--- Provided material ---

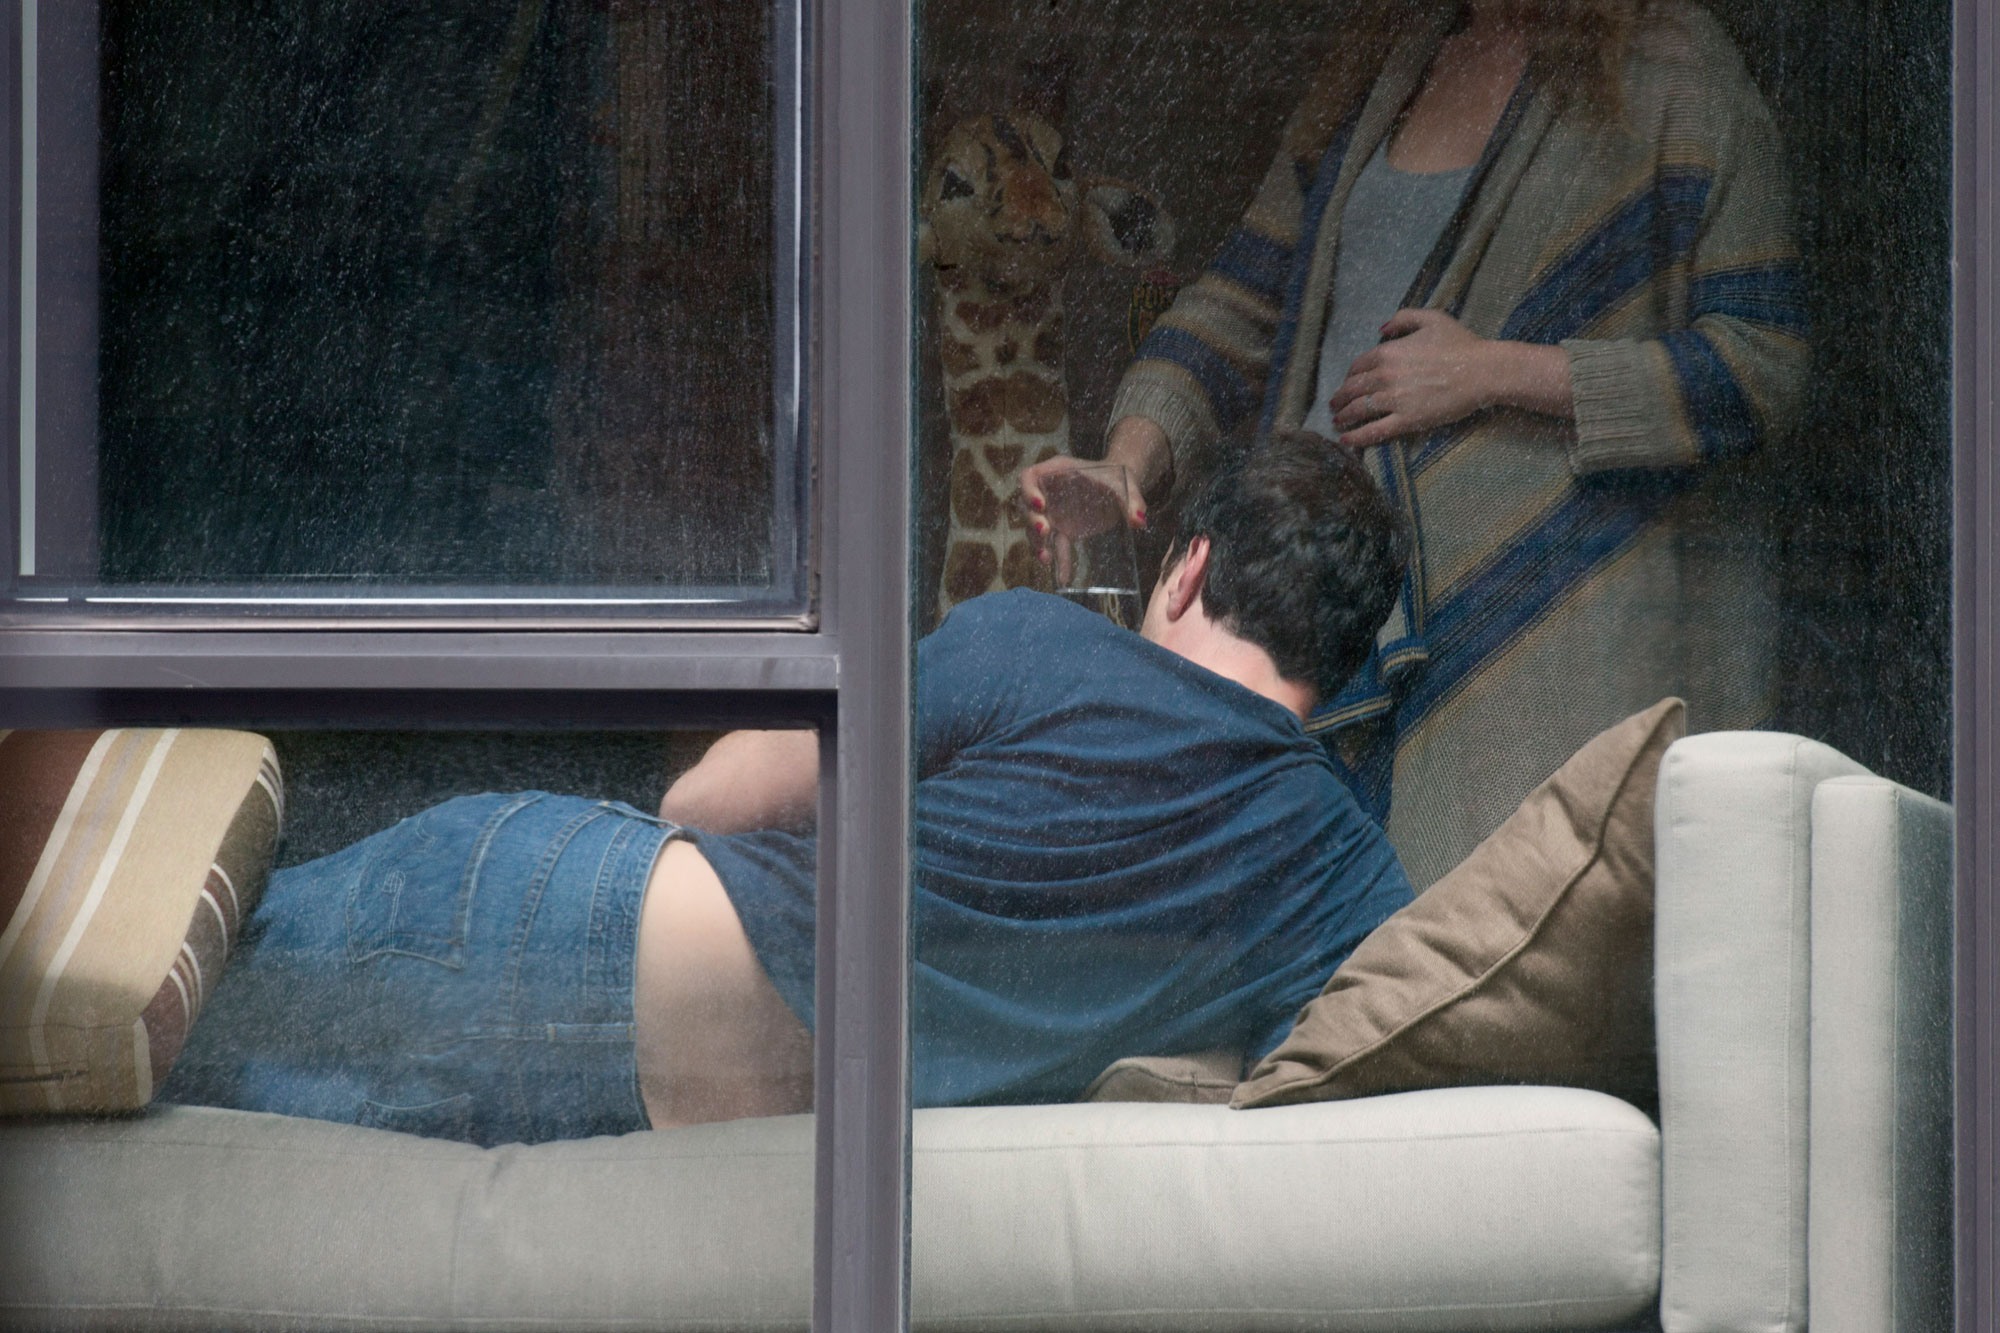 Скрытая камера напротив дивана засняла отсос девушки в белье своему мужчине
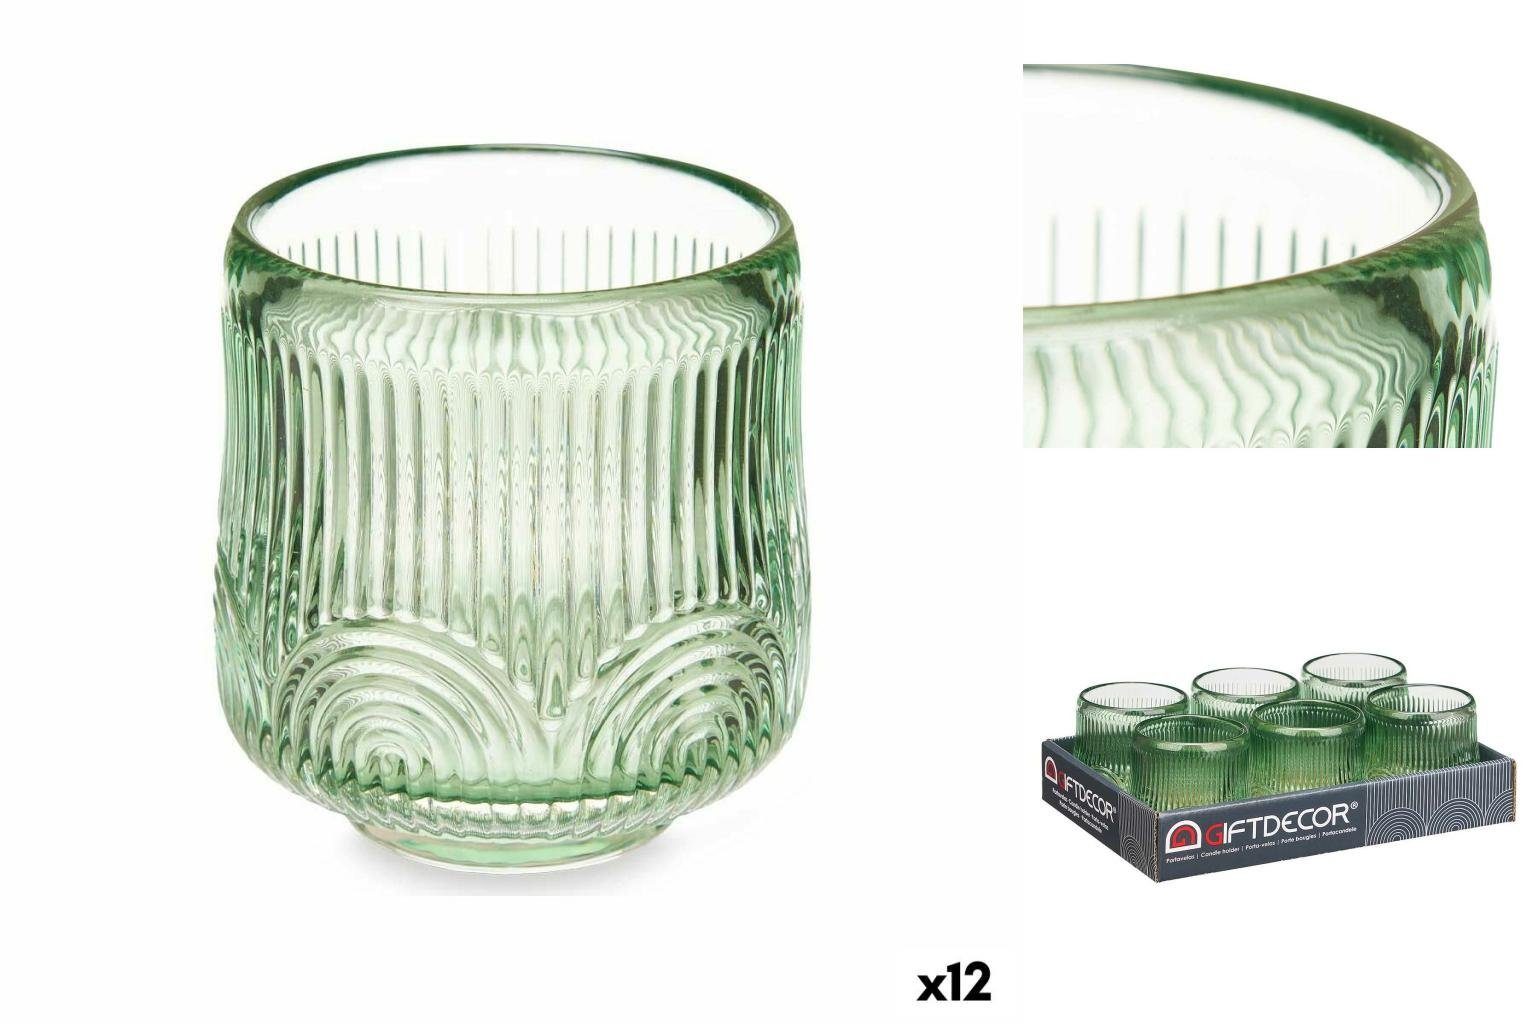 Stück Kerzenschale x 12 Windlicht 7,8 Gift Decor grün x cm 7,5 7,5 Glas Streifen
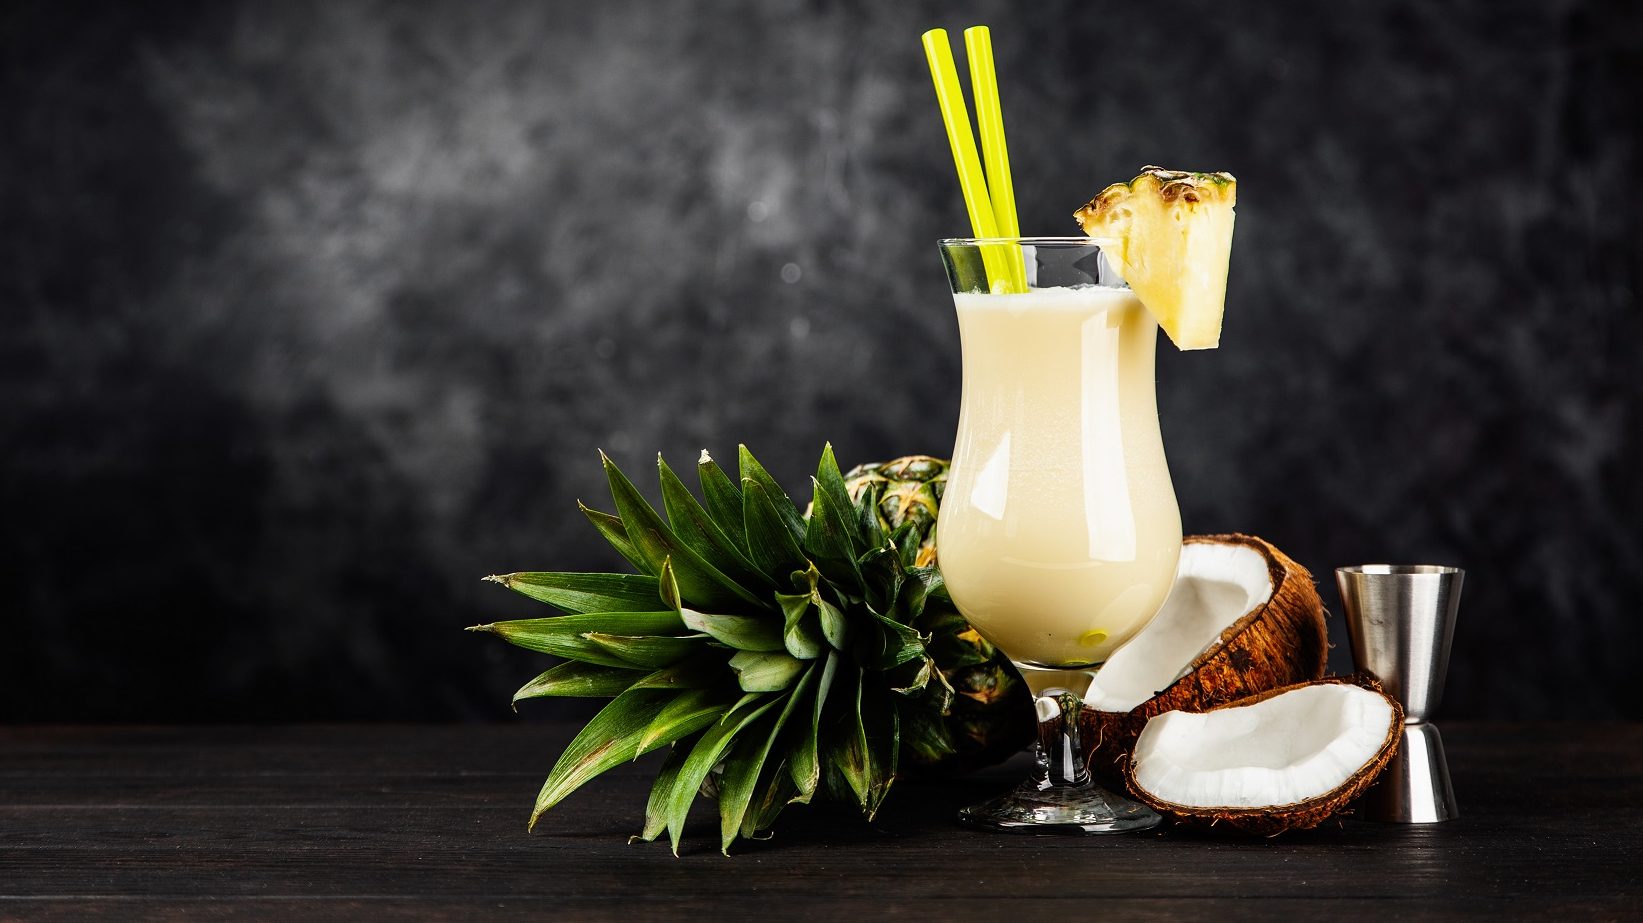 Die Low Carb-Pina Colada stilecht im Glas angerichtet, mit Ananas am Rand verziert und die Kokosnuss als Deko im Hintergrund.

---

§ Exercise objective
Nothing but the pictures is to be left out; repeat the data exactly.

§ Task answer
 Скрытая камера напротив дивана засняла отсос девушки в белье своему мужчине
 Stück Kerzenschale x 12 Windlicht 7,8 Gift Decor grün x cm 7,5 7,5 Glas Streifen
 Die Low Carb-Pina Colada stilecht im Glas angerichtet, mit Ananas am Rand verziert und die Kokosnuss als Deko im Hintergrund.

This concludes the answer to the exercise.